[Source material]
Segment Open

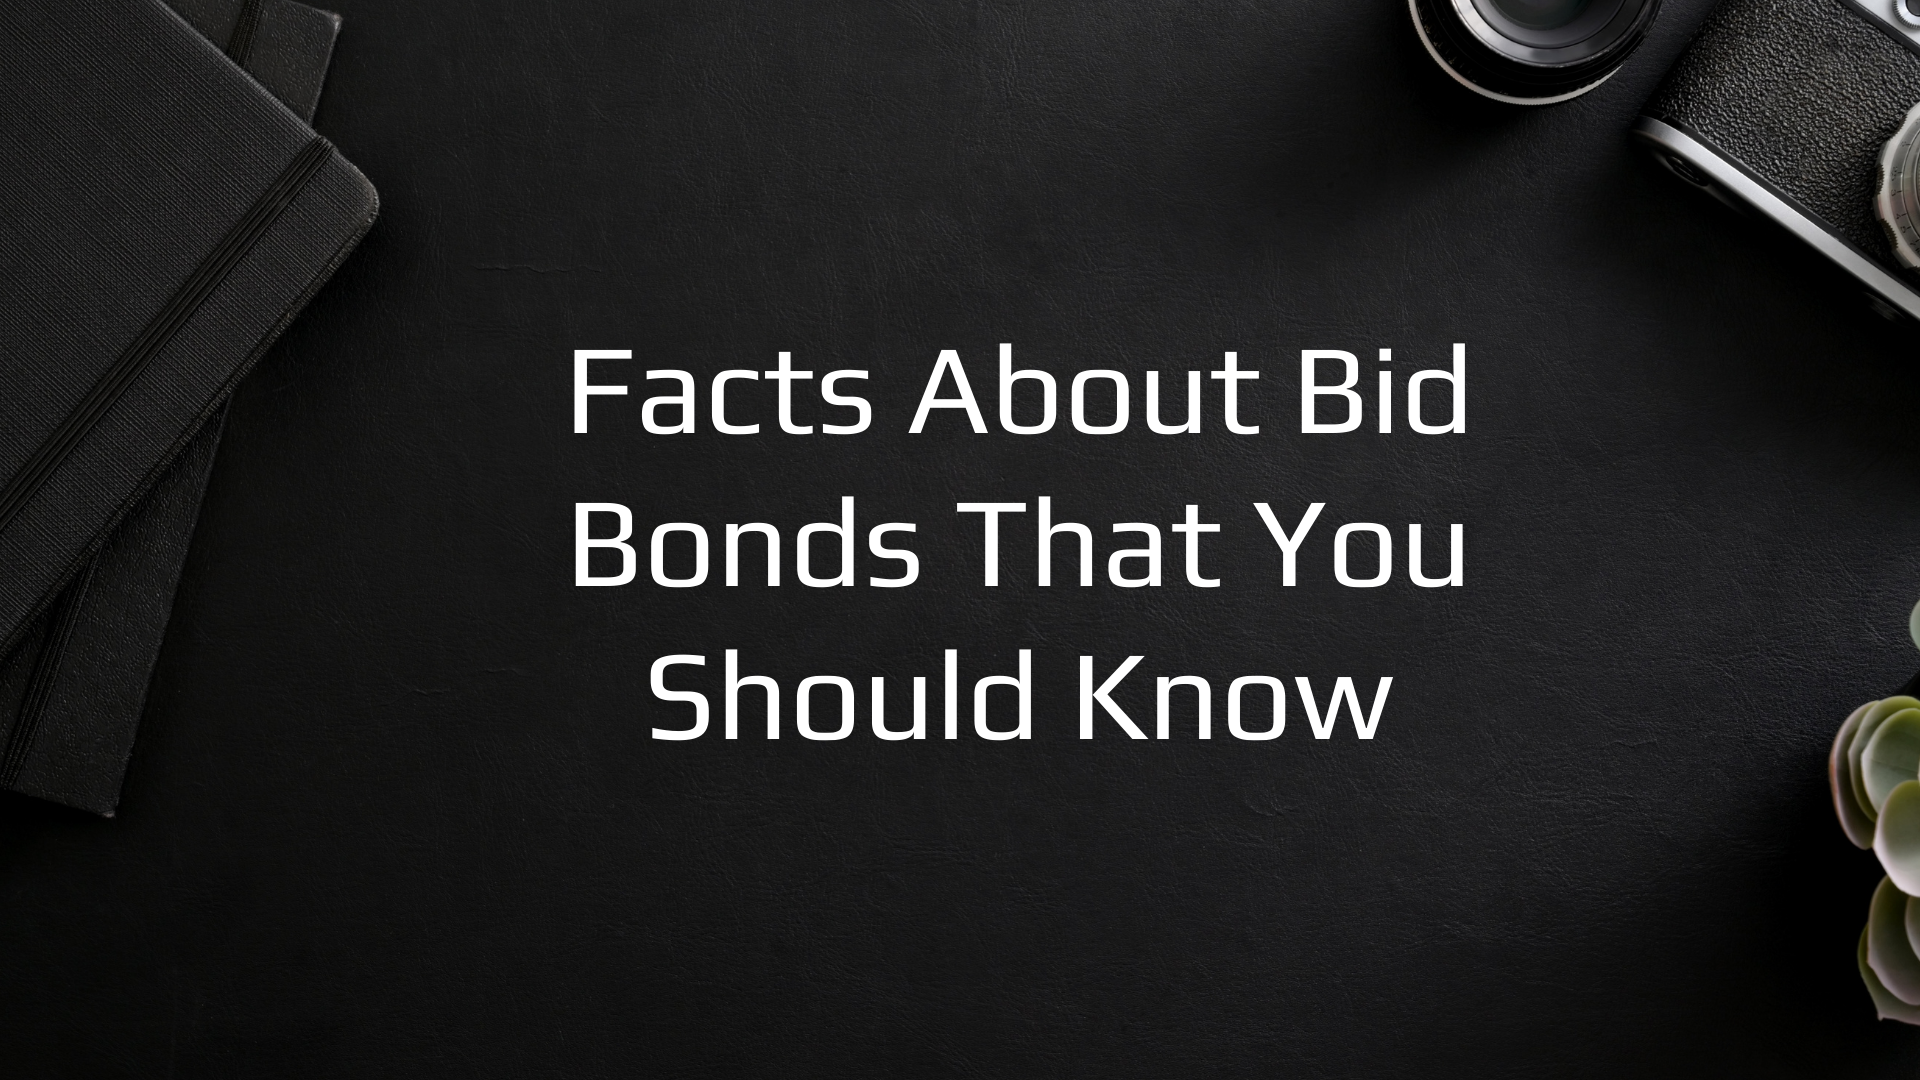 bid bond - What precisely is a bid bond - black
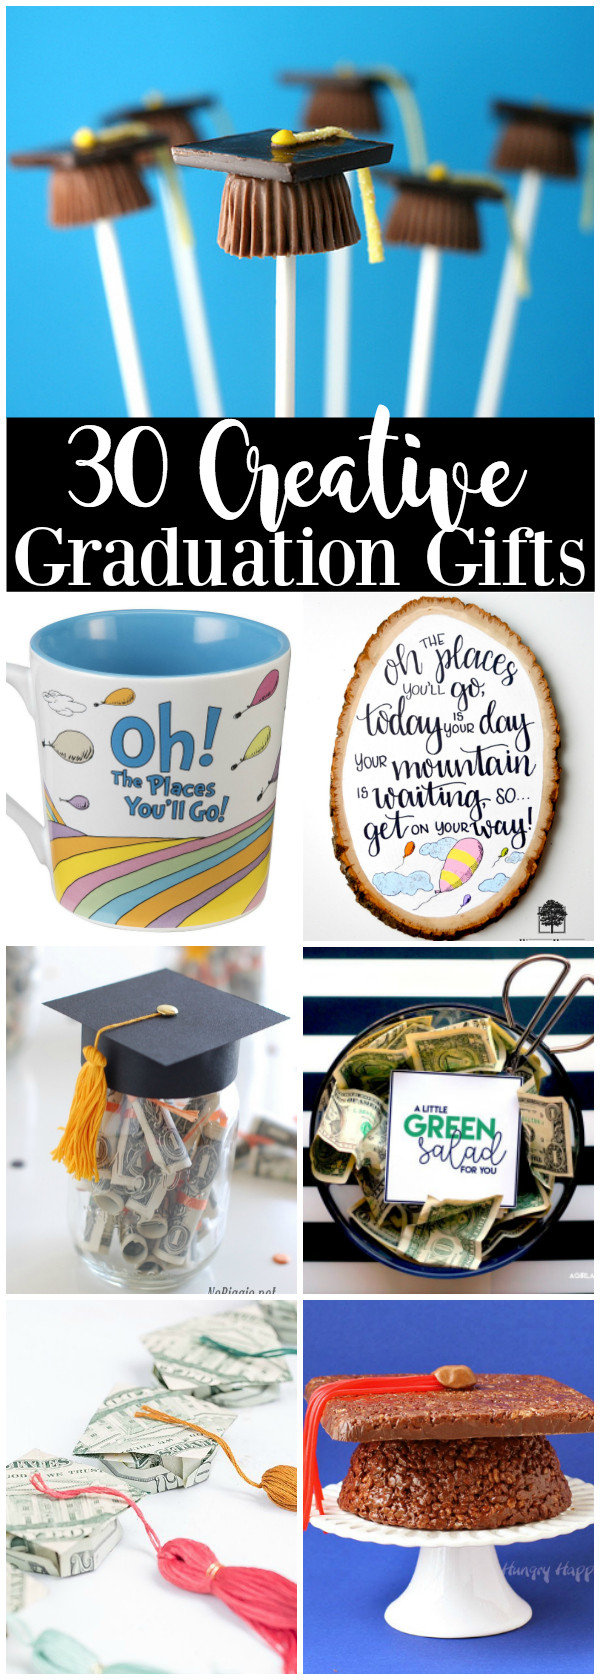 Cool Graduation Gift Ideas
 30 Creative Graduation Gift Ideas
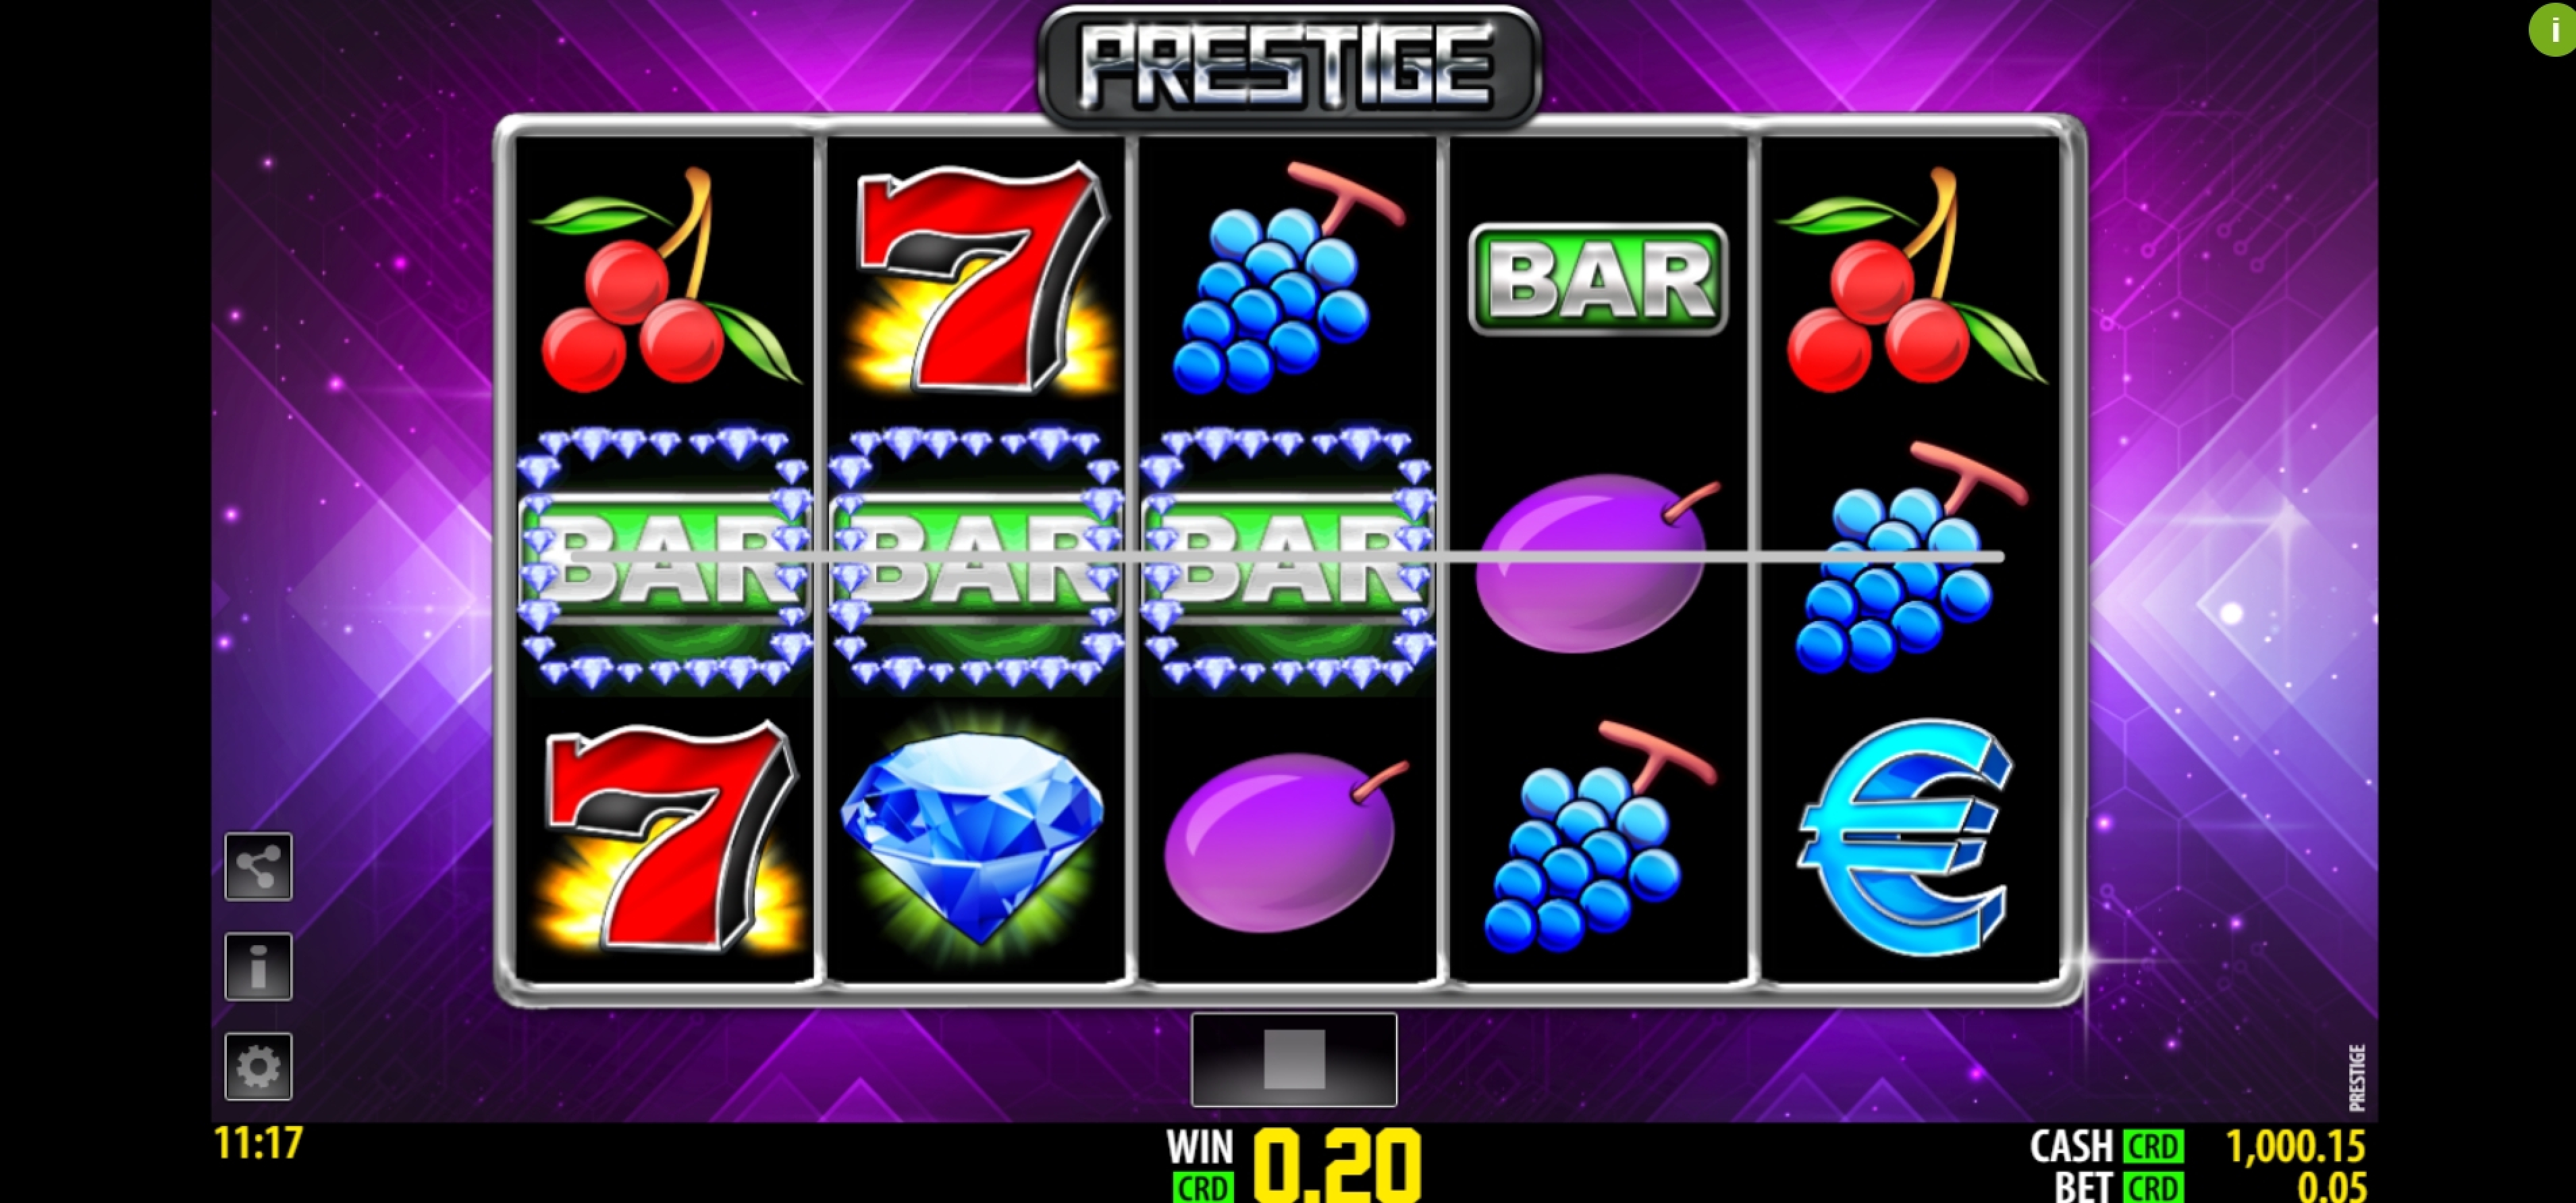 Win Money in Prestige Free Slot Game by Nazionale Elettronica

Segment Closed

The line containing "Cool Graduation Gift Ideas" and every line after it, up to the last line of the data, should be returned exactly, without the pictures.

[Worked solution]
 Cool Graduation Gift Ideas
 30 Creative Graduation Gift Ideas
 Win Money in Prestige Free Slot Game by Nazionale Elettronica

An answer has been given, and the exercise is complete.